Schunemunk Mountain

I grew up on a mountain (http://en.wikipedia.org/wiki/Schunemunk_Mountain) whose residences were initially summer only. My parents built their house here almost 40 years ago as one of the first year round homes. A little removed from its heyday the mountain has fallen into a bit of disrepair. My parents talked of movies at the community house and summers spent in the river fed "pool". It was a tight knit community (http://en.wikipedia.org/wiki/Mountain_Lodge_Park,_New_York) where people could spend christmas eve caroling. Summer residents would come up from NYC to spend their leisure hours hiking, horseback riding, or indulging in each others personalities.

By the time I was growing up the mountain had taken on a different persona. The pool was closed and a small park was put in its place, named after my grandfather (http://www.mlpghra.org/mcduffie-park/). The store closed down and the same sense of community faded. As a young child I conjured stories in my mind out of the fears of my parents. My neighbor had (still has) a 9ft tall wooden fence around his property and several disabled old vehicles.

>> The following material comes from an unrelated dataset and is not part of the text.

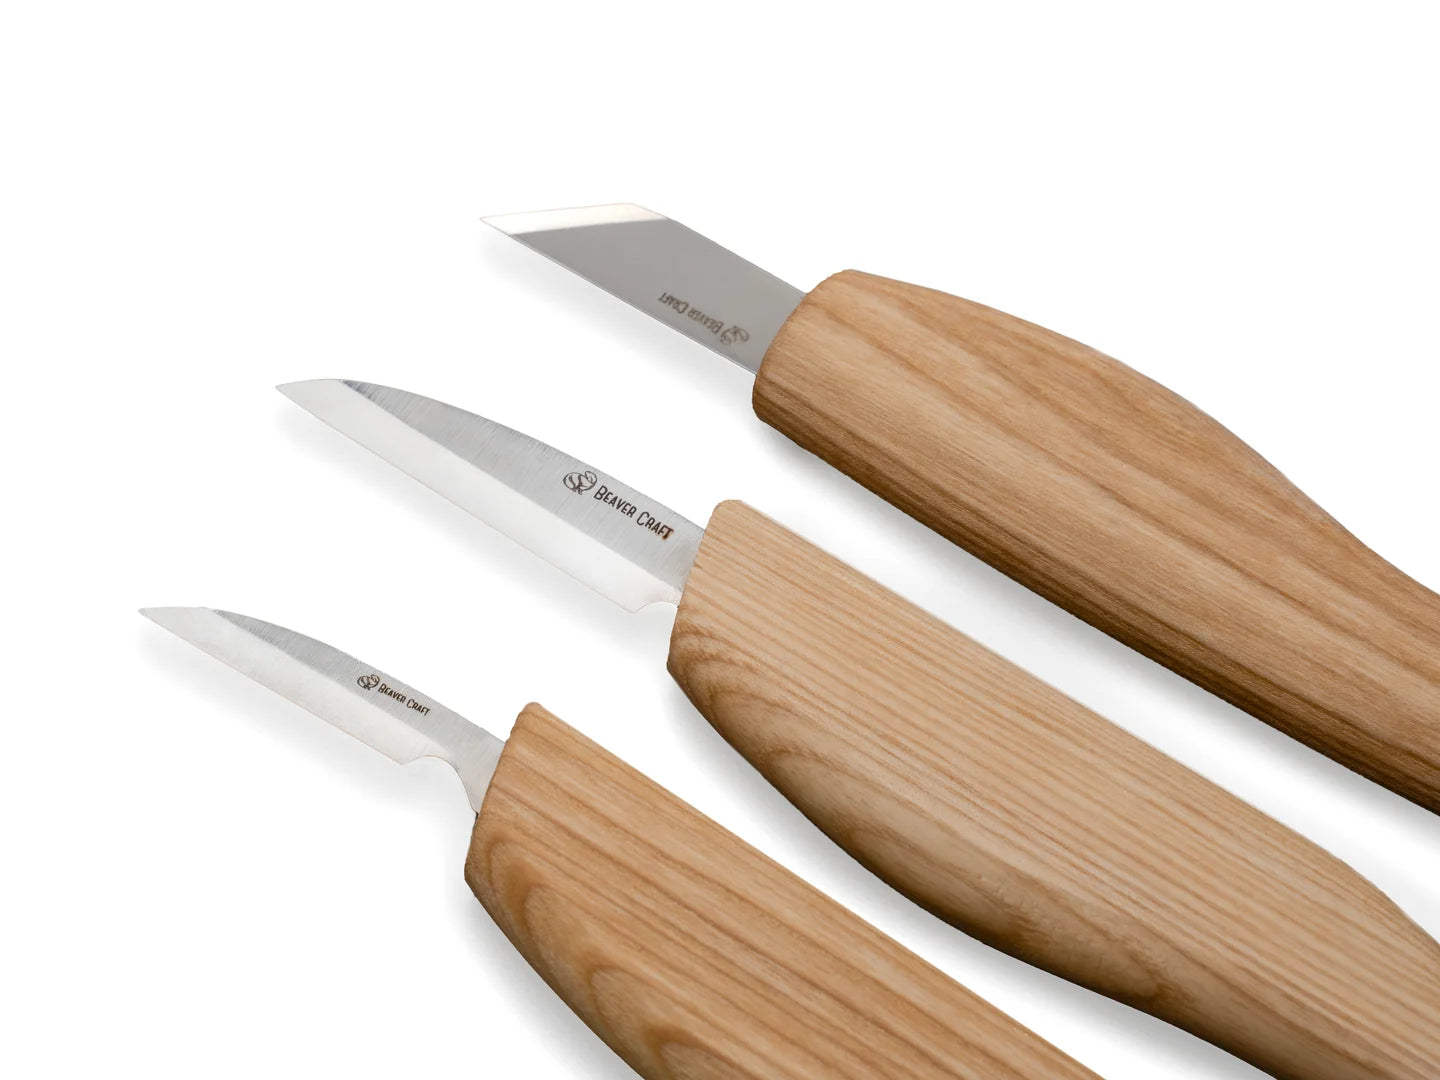 Carving knives, wood carving knives, set of 10 craft carving

His pack of rottweilers would come screaming to the fence when anyone walked by. I was honestly afraid to travel to the end of my trail for fear of being consumed by Cerberus.

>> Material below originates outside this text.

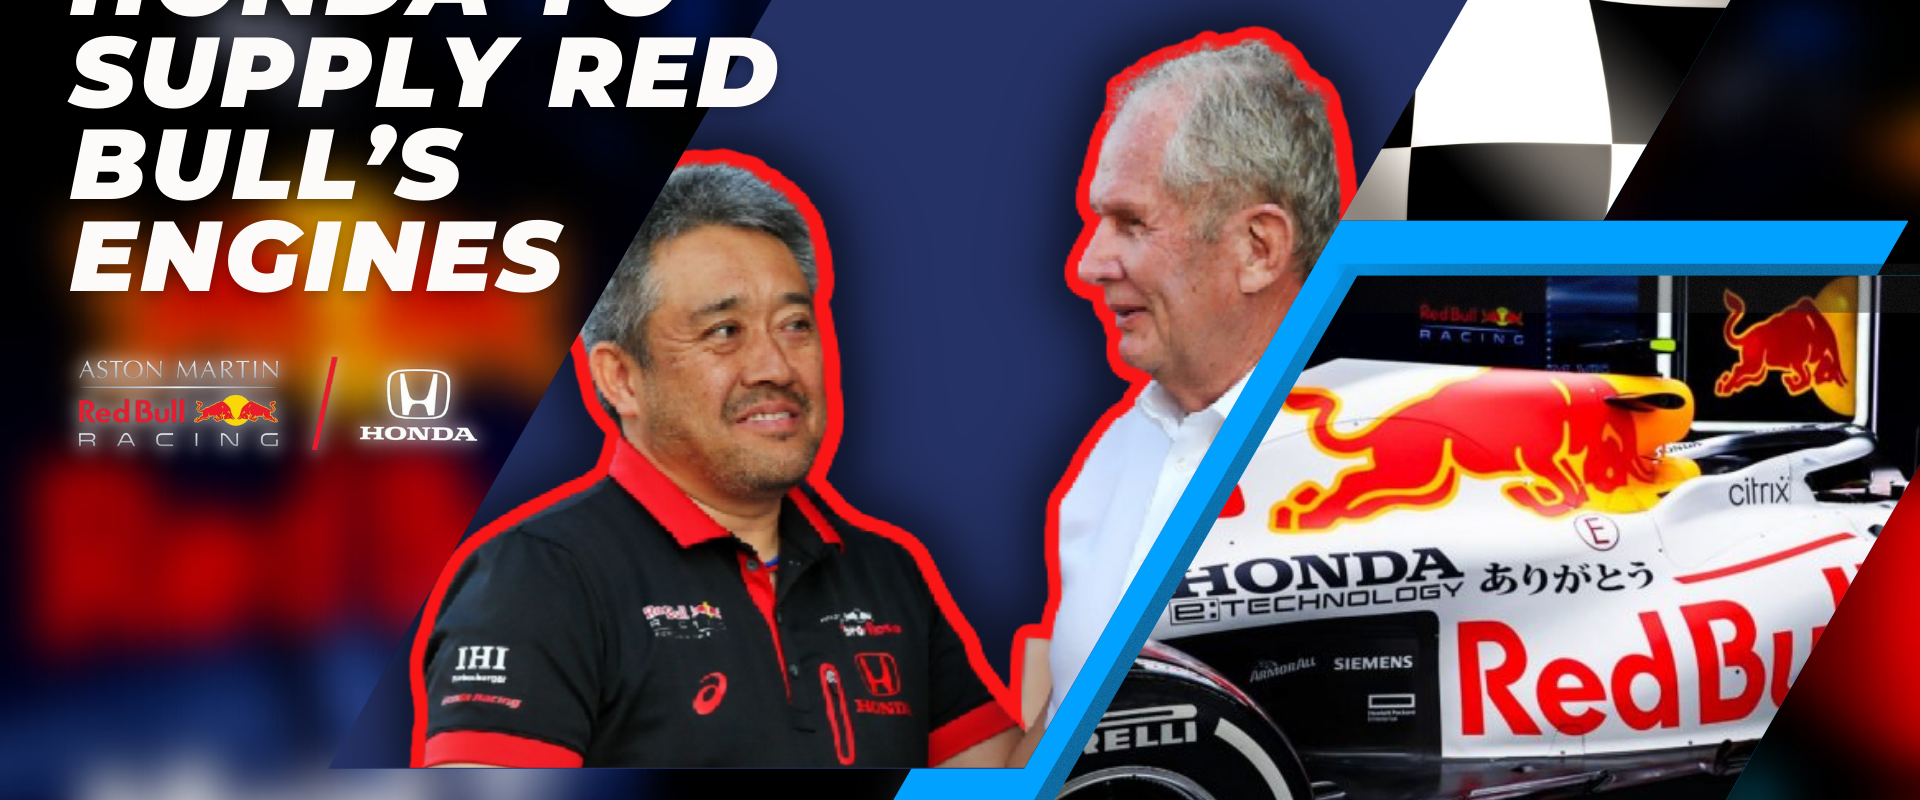 1980x1080_Honda to Supply Red Bull’s Engines Until 2025

The mountain has a main (mostly paved) road and branching dirt trails where everyone lives. As long as I lived there I hardly went on the other trails being afraid of the "bad kids" who hung around late at night drinking. My fears of the woods were based not on fantasy or animals but on the evil that men do in the dark.

Occasionally the boy scout troop I was a part of would take a trip on some of the hiking trails on top of the mountain but I never ventured on them by myself. It wasn't until my last year in high school that I would take a trip to the topmost road on the mountain and follow a dirt service road to the communication towers on top. The view is of beautiful New England rolling hills and the distant Catskill mountain range.

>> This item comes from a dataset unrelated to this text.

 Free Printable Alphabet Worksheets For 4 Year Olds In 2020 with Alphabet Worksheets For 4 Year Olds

On my trip home for the holidays I decided to take a run up the same route and maybe explore some of the hiking trails that cross by the communication towers. I started off traveling to the base of the mountain where I would catch the school bus when I was young. On the first day of me having to bring myself down to the bus stop in the morning as a child I was so nervous that I called my mom crying and threw up all over the kitchen floor. My run down went much better than that.

The salt on the road was so thick I could taste it in the breeze from passing cars. I tagged the stone pillars and started up the same path I lugged school books up many years prior. The houses and forbidden trails slipped by benignly. Before I knew it I was up the last trail, up the service road, and taking in views. 20 minutes had realigned perceptions of where I had grown up. It could have been any other small climb in any of the other places I've run this year. It felt more impersonal without the intimacy of my childhood fear. Familiarity with myself changed the influence of the outside world.

My eyes followed the "ridge line" to an exposed outcropping of rocks, my feet followed. A short jaunt later I was chipping quartz out of the large conglomerate rocks that made up the feature. Without much fanfare I returned.

The trail I was on turned out to be part of the NY-NJ Long Path (http://www.nynjtc.org/region/long-path). Checking into it, seems like it would be a fun long journey some day on really hard trails. The path was overly marked in this section and much less gnarly than the blue hills or fells. Though, 95 miles of the path winds through the Catskills which sounds like it would take a couple of days. I wish I had spent more time in the woods when I was young, seeing how great the trail system was right in my own backyard.

I am much more confident in my ability to travel distances in the woods on foot, which reduces my fear of dying in the woods. There is so much to learn about mountaineering and wilderness survival and avalanche safety and a host of other things that will continue to reduce that fear. I certainly don't live on the edge but I feel undeservingly brazen at my current level of knowledge because my feet and will can carry me far.

That tiny bit of restraint is still there. Even on the well marked and well traveled trail I started on at the top of the mountain I felt as if I was breaking a thin sheet of safety in those first few steps of the unknown. The trail closes in behind you and and envelopes you in its lack of civility. The intersection of my childhood worries, my confidence and the safety of modern life was at the start of the trail.